Consider the following treatments of $x:
$x -eq $RHS
$x -contains $RHS
function f { param([Parameter(ValueFromPipeline)]$y) process{$y} }
$x | f
function g { param([Parameter(Position=1)]$y) $y }
g $x
There are conditions of $x which results in PowerShell enumerating $x for each of these treatments. Setting $x=1,2, for example, causes $x to be enumerated by -eq and -contains, at the input to f, and at the output of g. On the other hand, setting $x='12', results in no enumeration.
$x is enumerated the same for the pipeline and those comparison operators that perform conditional enumeration?[LanguagePrimitives]::GetEnumerator($x) _seems_ to be non-null iff $x gets enumerated by those treatments. Is this a mere coincidence, a rule PowerShell aspires to, or true by construction?The rules are intended to be the same.
For operators, the rules are implemented here, and I apologize that the code is not necessarily easy to understand.
For the pipeline, the decision is made by LanguagePrimitives.GetEnumerator, you can see the call here.
True by construction for pipelines, rule to aspire to for operators.
Parameter binding comes to mind - e.g. when to bind to a parameter of type object versus object[]. To the best of my knowledge and memory, operators all rely on PSEnumerableBinder.IsEnumerable (there are many uses) and everything else relies on LanguagePrimitives.GetEnumerator.
Thanks @lzybkr. With respect to parameter binding, do you mean that
function f {
[CmdletBinding(DefaultParameterSetName='scalar')]
param
(
[Parameter(ParameterSetName = 'scalar',
Position = 1)]
[int]
$Scalar,
[Parameter(ParameterSetName = 'array',
Position = 1)]
[int[]]
$Array
)
return $PSCmdlet.ParameterSetName
}
f 1
f 1,2
f ([System.Collections.ArrayList]@(1,2))
f ([System.Collections.Queue]@(1,2))
decides on the parameter set based on the result of LanguagePrimitives.GetEnumerator for the argument?
The first three calls to f seem consistent with that. However, f ([System.Collections.Queue]@(1,2)) tries (and fails) to bind to $Array despite non-null LP.GetEnumerator for the argument. Trace-Command mentions "Argument type Queue is not IList, treating this as scalar" in that case. That business seems to happen in EncodeCollection which seems to try to convert the argument to an array. I didn't spot a call to GetEnumerator leading up to or in EncodeCollection, however. It seems like this decision hinges on whether the argument is IList rather than LP.GetEnumerator. Is that interpretation correct?

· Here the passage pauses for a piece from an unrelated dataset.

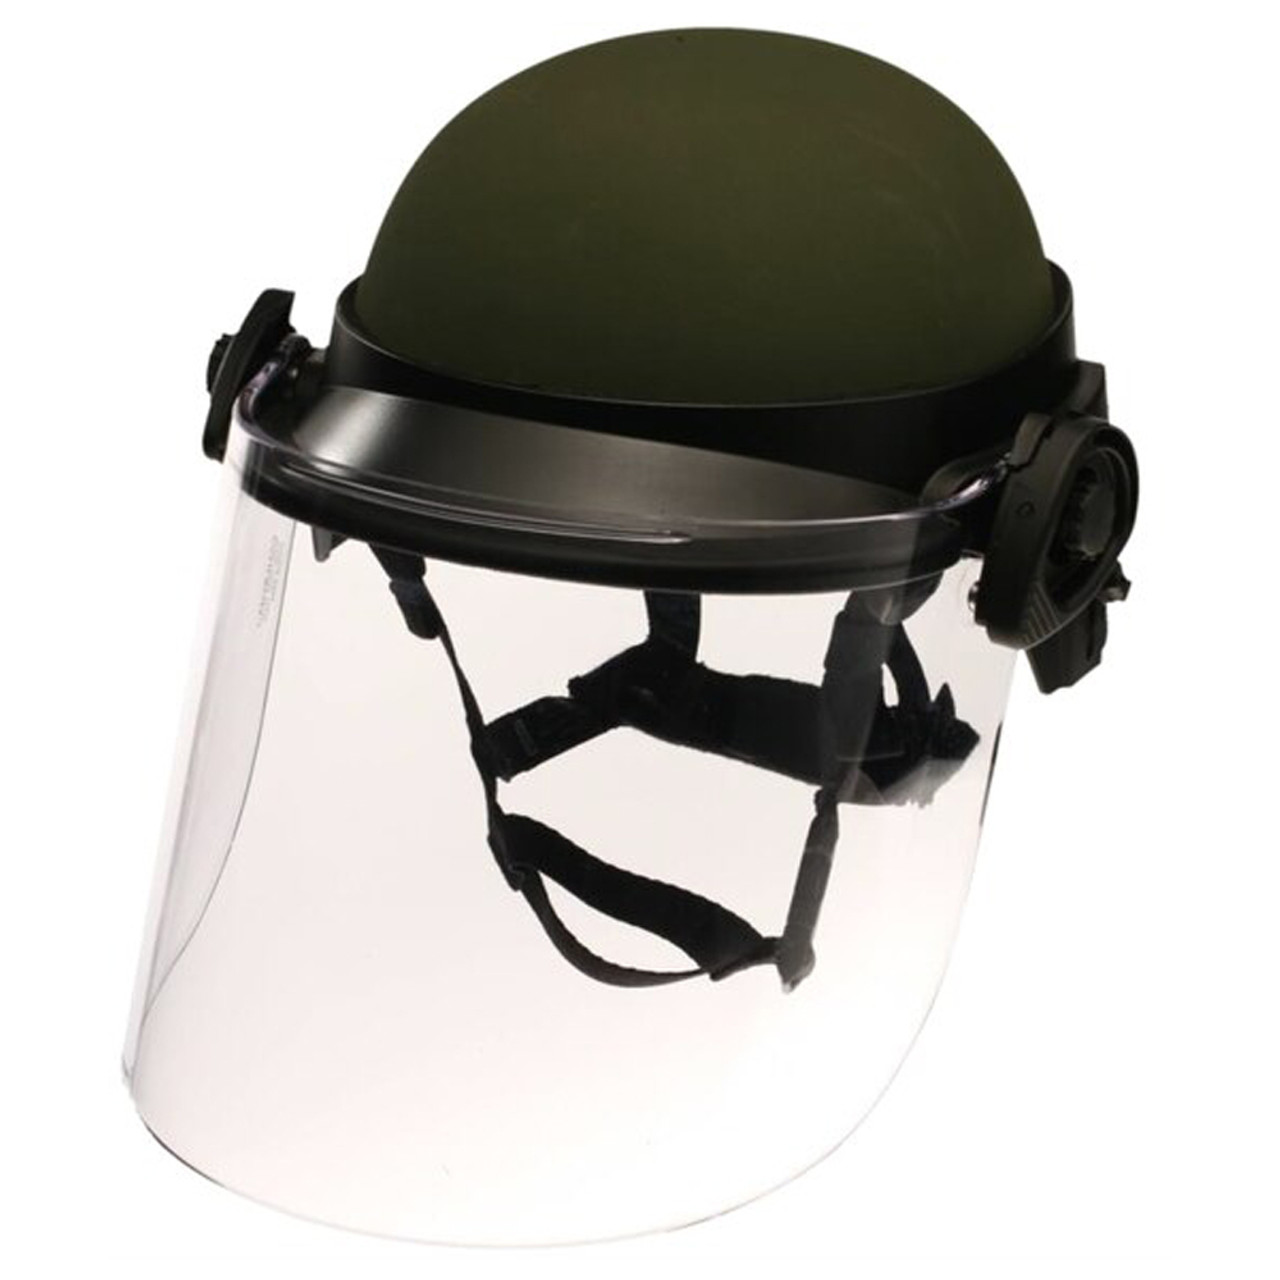 Paulson DK6-H.150 Field Mount Tactical Face Shield designed to fit most ballistic helmets (ACH, MICH, and PASGT style).  Shield length is 8 inches. Shield thickness is .150 inches.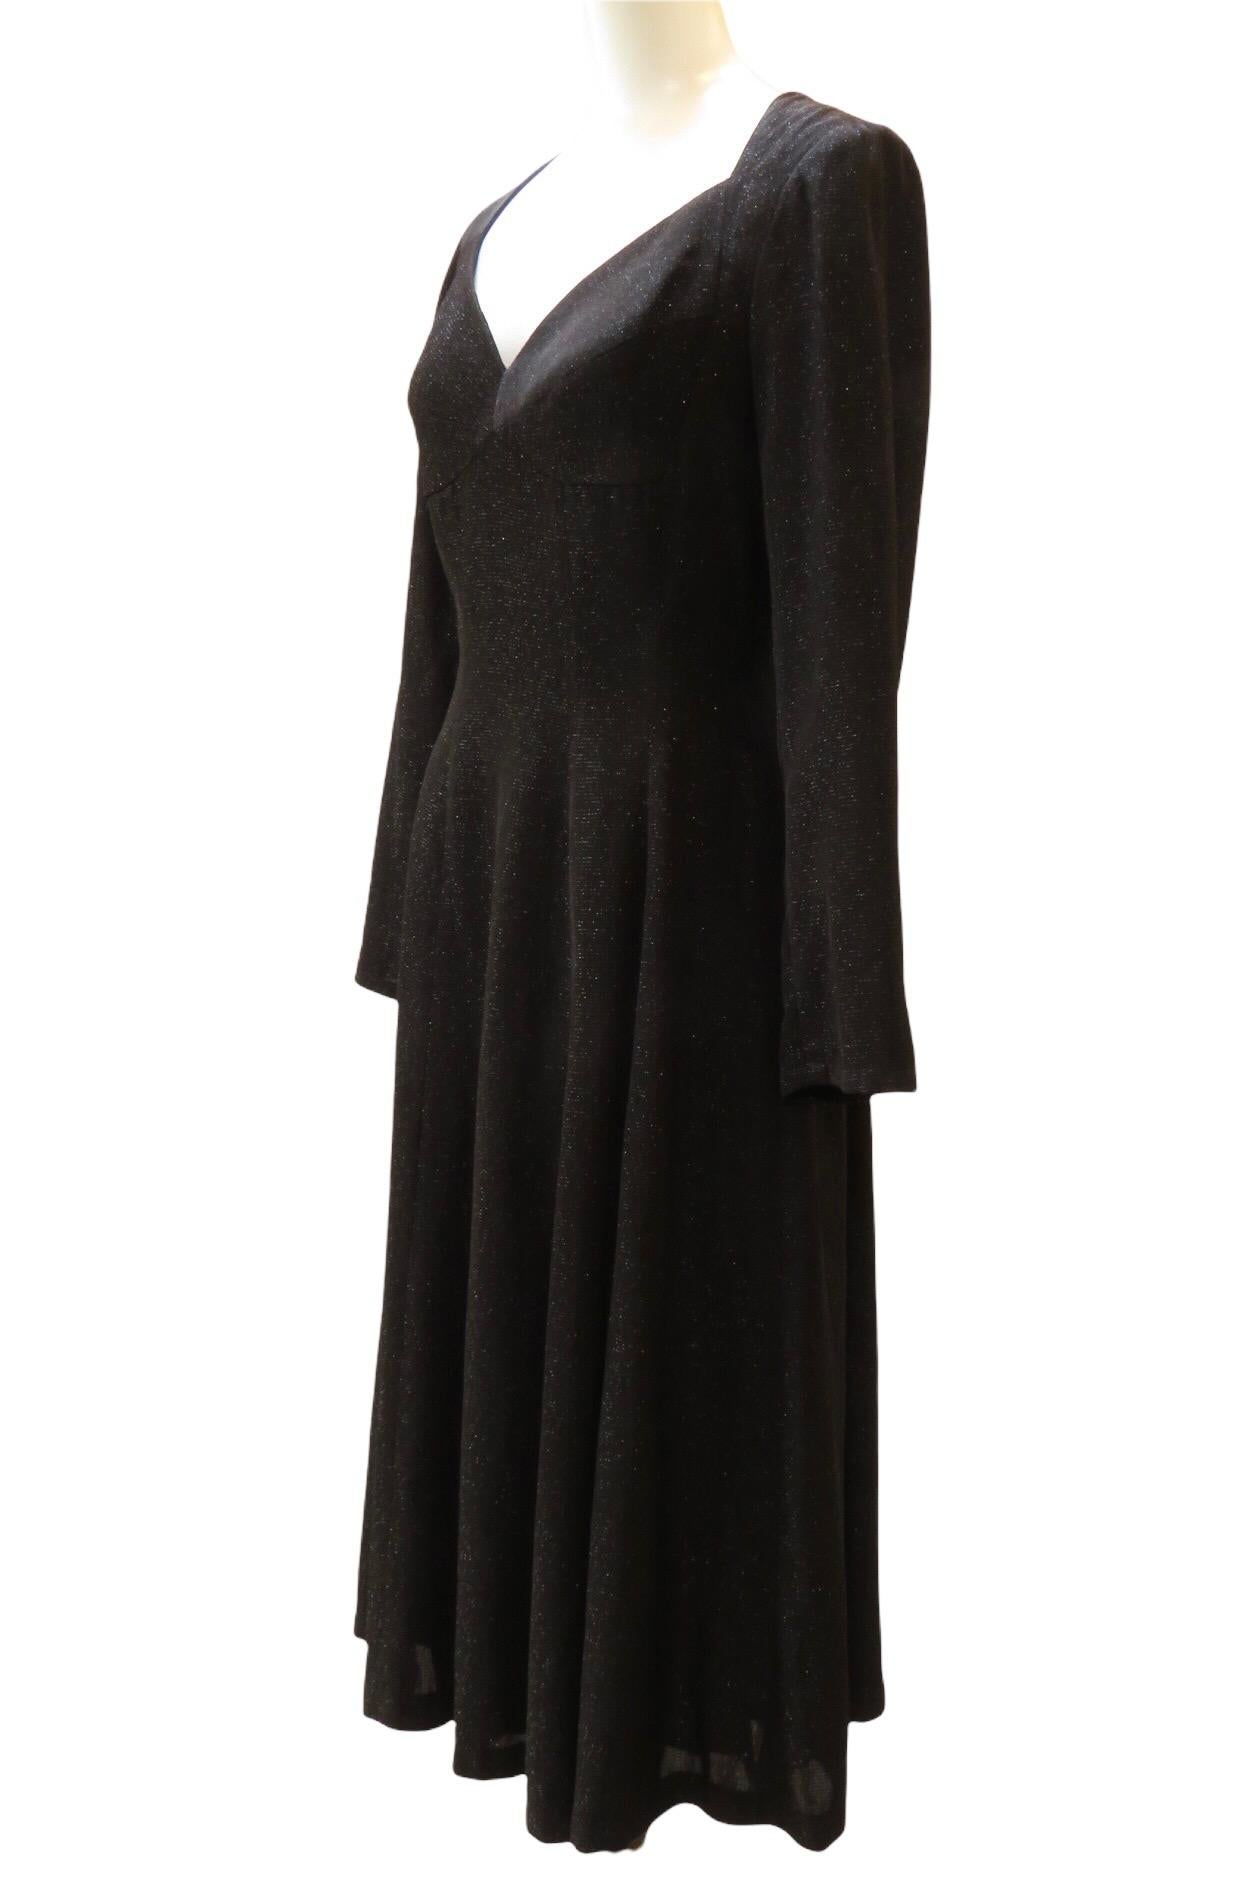 A shimmering black knee length, Lon sleeved dress by Matsuda Nicole features a flattering sweetheart neckline and back zipper.

Right - I forgot that it's not quite the same - I don't know the reason why though.
@lzybkr
For operators, the rules are implemented here, and I apologize that the code is not necessarily easy to understand.
...
True by construction for pipelines, rule to aspire to for operators.
Do these statements also apply to the . (property) operator? That operator has some behavior whose rules I haven't quite worked out. It seems to enumerate according to LP.GetEnumerator, but only in some cases. For example,
$x = '1','2'
$x.Chars
$x.Length
enumerates $x in $x.Chars but not $x.Length. Can you shed some light on this?
For property access or method invocation, if the object has the property/method, no enumeration takes place.
Count and Length are special - they are assumed to exist on all objects - if the object has the property, it is used, otherwise the sane value is returned (0 for null, 1 otherwise).
Ok. That seems to explain the behavior for all properties and methods I've tested except Length. The behavior for Length seems less like Count and more like other properties. Consider the following:
$y = [System.Collections.Queue]@('123','1234')
$y.Length
$y.Count
$y.Length is 3,4 which seems to correspond to the synthesized .Length for each of the strings. $y.Count, on the other hand, is 2. I _think_ that ('1','2').Length is 2 (from my prior example) because [array] has a .Length property for some reason.
Ah, right. If the object is enumerable, then we enumerate. Array adds an alias so it has both Count and Length, but other enumerable types do not, so it's not entirely consistent.
In hindsight, maybe we should have only added Count and not Length to every object.